The Red Shoes appears in an aspect ratio of approximately 1.37:1 on this Blu-ray Disc. This became an appealing presentation, especially given the film’s age.
In terms of sharpness, the movie usually demonstrated nice delineation. A few shots seemed just a smidgen soft, but those issues occurred infrequently, so the majority of the flick looked concise and accurate.
No issues with jagged edges or shimmering materialized, and no edge enhancement became apparent. Grain remained appropriate, and no specks, marks or other defects showed up at any time in this fresh presentation.
Colors were strong. I thought flesh tones were a bit on the brown side, but that was a reflection of Technicolor – and too much makeup. Otherwise, the hues tended to be vivid and full.
Blacks seemed deep and dense without too much heaviness. Shadow detail worked similarly well, as dimly-lit shots were appropriately clear and thick. I found little about which to complain here and thought the Blu-ray brought the movie to life in a positive manner.
The LPCM monaural audio of Red Shoes appeared fine for its era. Speech was fine. The lines showed age-related thinness, but they were always perfectly intelligible and without edginess.
Effects became a minor aspect of the track, and they resembled the dialogue.

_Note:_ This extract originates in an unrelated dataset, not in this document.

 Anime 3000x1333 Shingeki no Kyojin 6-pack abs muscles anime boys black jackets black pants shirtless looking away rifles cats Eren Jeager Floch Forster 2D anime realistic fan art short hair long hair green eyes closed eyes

Those elements lacked much depth but they were without notable problems.
Music was acceptable for its age, as the songs and score tended to be a bit tinny. There wasn’t much range to the music, but again, that stemmed from the limitations of the very old source. This became a perfectly adequate mix for its vintage.
A mix of extras appear here, and we open with an audio commentary. Created in 1994, film historian Ian Christie hosts the track and offers much of the information, though we also get ample sound bites from actors Marius Goring and Moira Shearer, cinematographer Jack Cardiff, composer Brian Easdale, and filmmaker Martin Scorsese.

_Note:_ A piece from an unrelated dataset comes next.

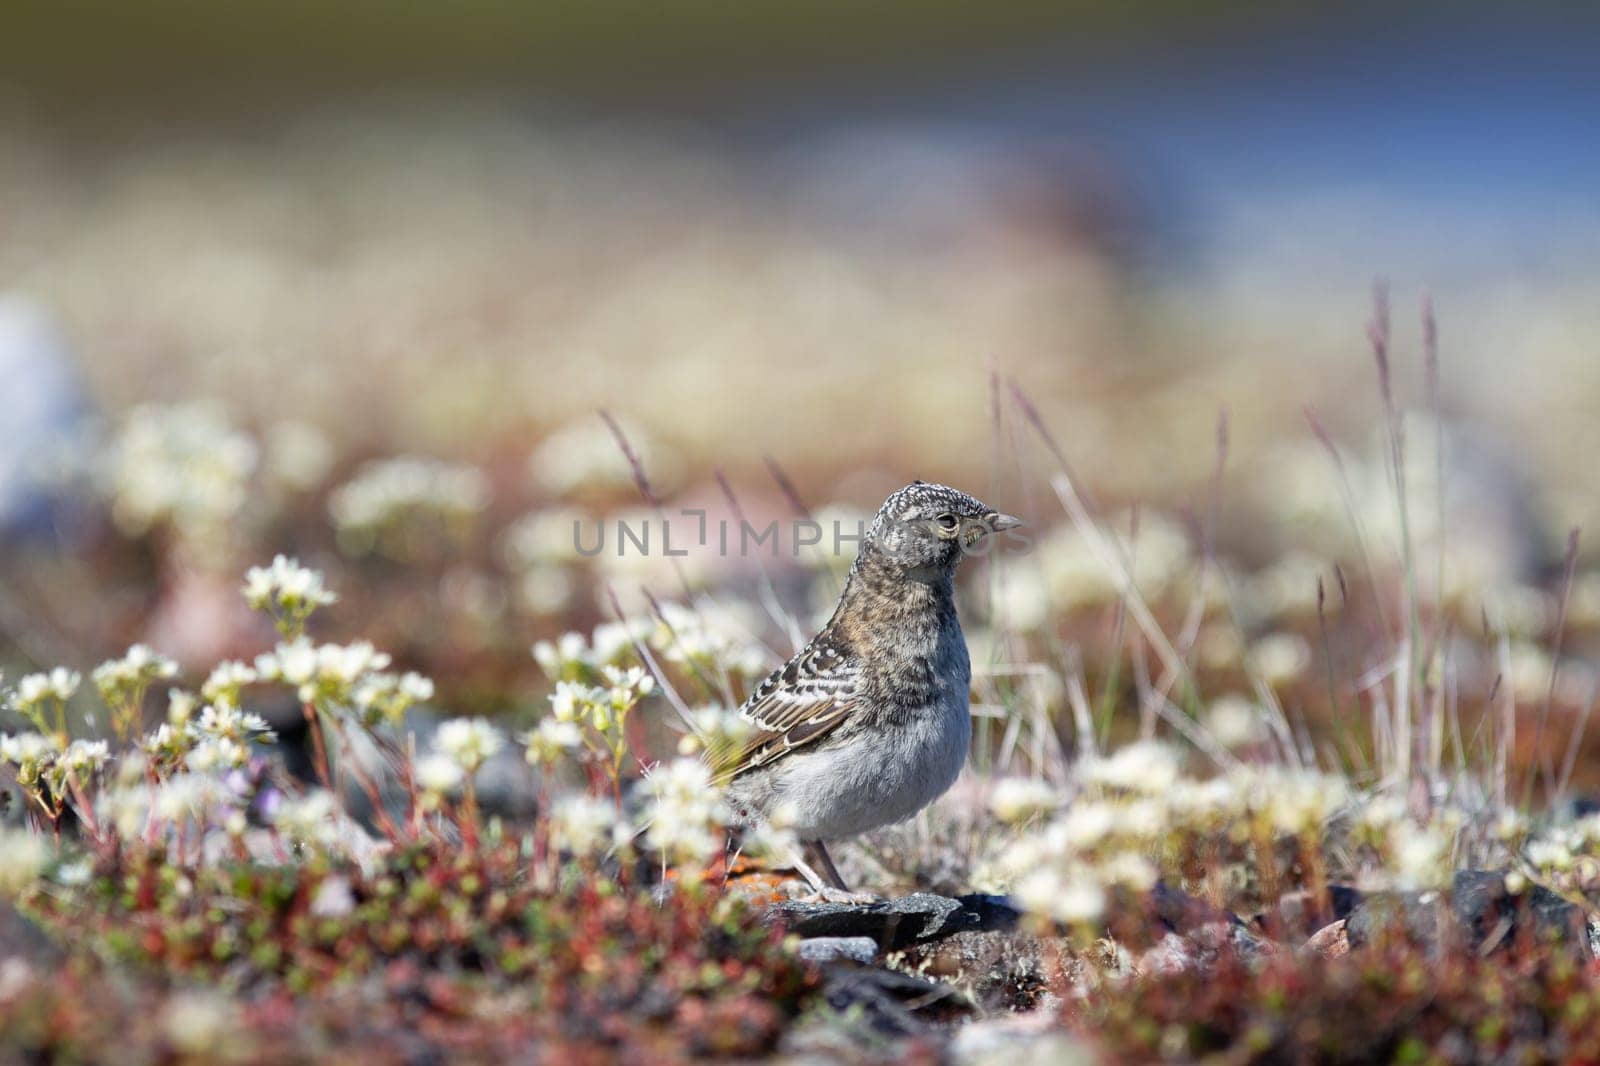 Immature horned lark or shore lark standing between plants in Canada's arctic by Granchinho

Here we get info about the movie’s origins and development, the workings of the Archers production company, story, characters, themes and influences, sets and locations, photography and visual design, music and dance, cast and performances, and connected domains.
Many dislike this edited format, but when done right, it works well, and that becomes the case here. Christie ties the material together well and integrates the sound bites well to make this a very informative piece.

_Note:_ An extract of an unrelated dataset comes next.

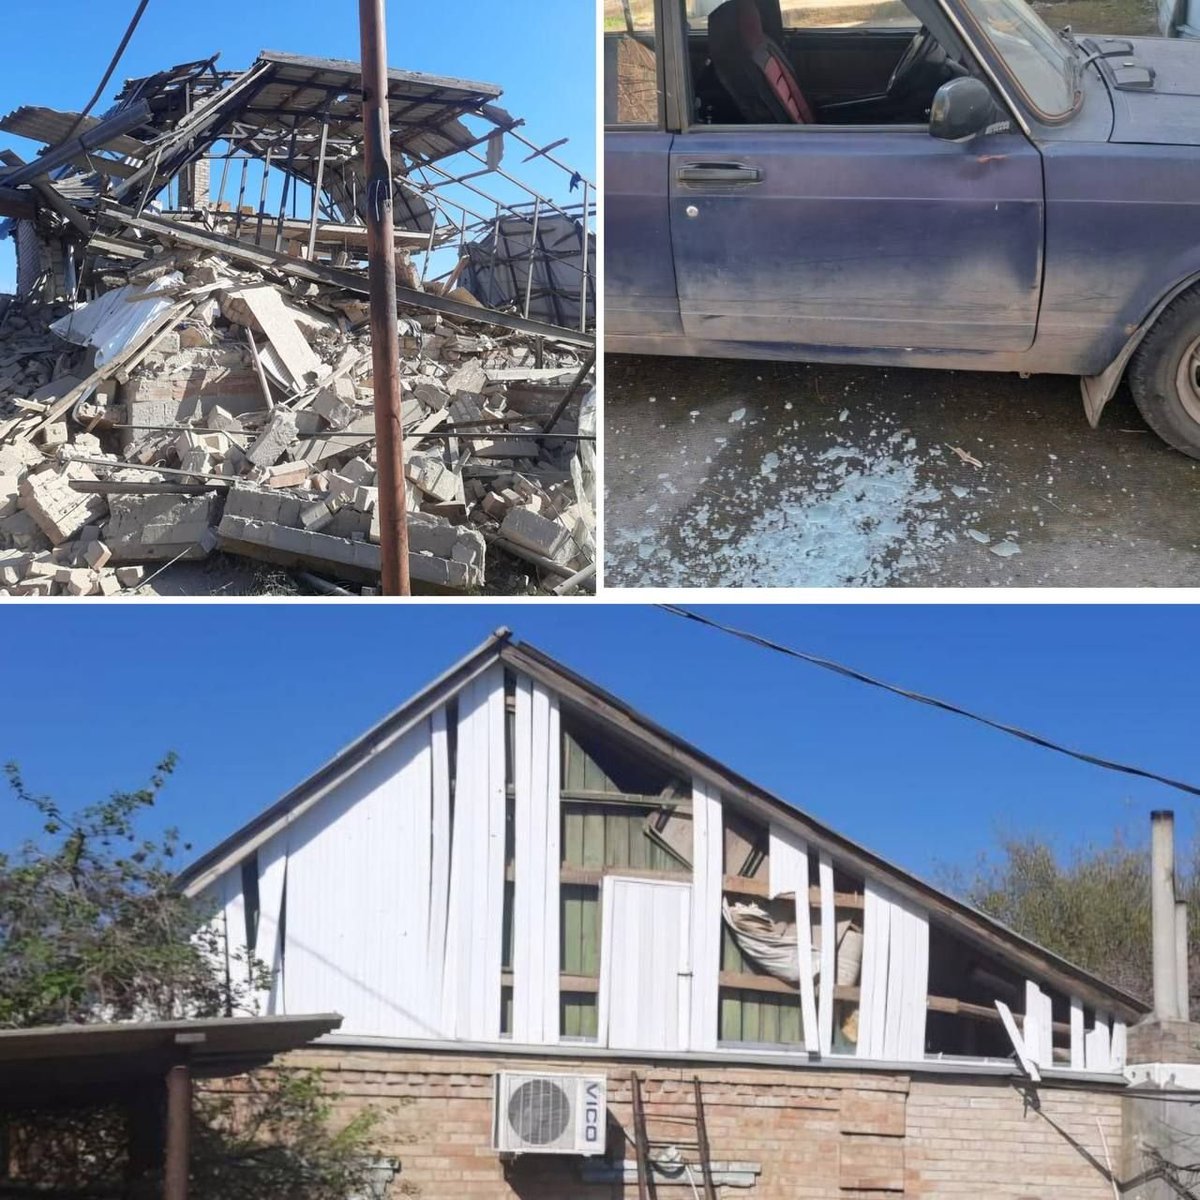 ⚡️ In Nikopol, there are two wounded - a 21-year-old girl and a 49-year-old man. They are in the hospital in a moderate condition.

This was announced by the head of Dnipropetrovsk RMA Serhii Lysak.

A destroyed two-story residential building. There are also damaged private…

Also from 1994, actor Jeremy Irons reads parts of the Red Shoes novelization. This comes via an alternate audio track that accompanies the movie.
Given the heavy visual emphasis of the film, a text-only version of the story obviously comes across very differently than the movie. This reinforces my belief that the flick acts more as a triumph of style and photography more than as a strong character piece.
Still, thin nature of the plot and roles, I like the chance to hear the tale from an alternate perspective. Irons performs the text well and this becomes a fun extra.
A Restoration Demonstration runs four minutes, 17 seconds and offers narration from Scorsese as he tells us about how the movie’s transfer worked. Some informational value exists, but most of the “Demonstration” feels self-congratulatory.
From 2000, Profile of The Red Shoes goes for 25 minutes, 30 seconds and includes info from Christie, Cardiff, camera operator Chris Challis, Emeric Pressburger’s grandson/biographer Kevin Macdonald, art director Hein Heckroth’s grandson Christian Routh, and dancer Darcey Bussell.
“Profile” discusses the film’s origins and development, story/character areas, cast and crew, some production details and the film’s reception/legacy. This turns into a fairly engaging overview.
Next comes an Interview with Thelma Schoonmaker Powell. The famous editor and widow of Michael Powell, she discusses the movie’s restoration, thoughts about the flick, and her relationship with her husband.
We get a few useful notes, but we don’t learn a lot of personal insights. Given Schoonmaker’s connection to Powell, this becomes a disappointment.
Some still materials follow, and a Photo Gallery breaks into six subdomains: “Cast and Crew”, “Filming in London”, “Filming in Paris”, “Filming in Monte Carlo”, “Deleted Scenes” and “Production and Costume Designs”.
These add up to a total of 103 images. We find a good array of elements here.
Martin Scorsese’s Memorabilia involves 37 frames of material. We get some production artifacts and advertising elements in this engaging collection.
In addition to the film’s trailer, the disc finishes with The Red Shoes Sketches, an “animated film” comprised of Hein Heckroth’s art. It depicts the movie’s long ballet sequence.
This can be viewed a few ways, and the “basic” version lasts 15 minutes, 57 seconds. It presents Heinroth’s work combined with music.
In addition, a “comparison” presentation puts Heinroth’s art on the left side of the screen while the final film runs on the right. Finally, “fairy tale” shows the standard art reel accompanied by Irons’ reading of the Hans Christian Andersen’ tale. All offer a cool addition to the set.
The package concludes with a booklet. It provides credits, art and an essay from critic David Ehrenstein. The booklet complements the set well.
Like all Pressburger and Powell efforts, The Red Shoes boasts sumptuous visuals. However, both story and characters seem underdeveloped, so this becomes an attractive film that lacks much real dramatic involvement. The Blu-ray delivers strong visuals, appropriate audio and a good assortment of bonus materials. Though the movie leaves me underwhelmed, this becomes a quality release.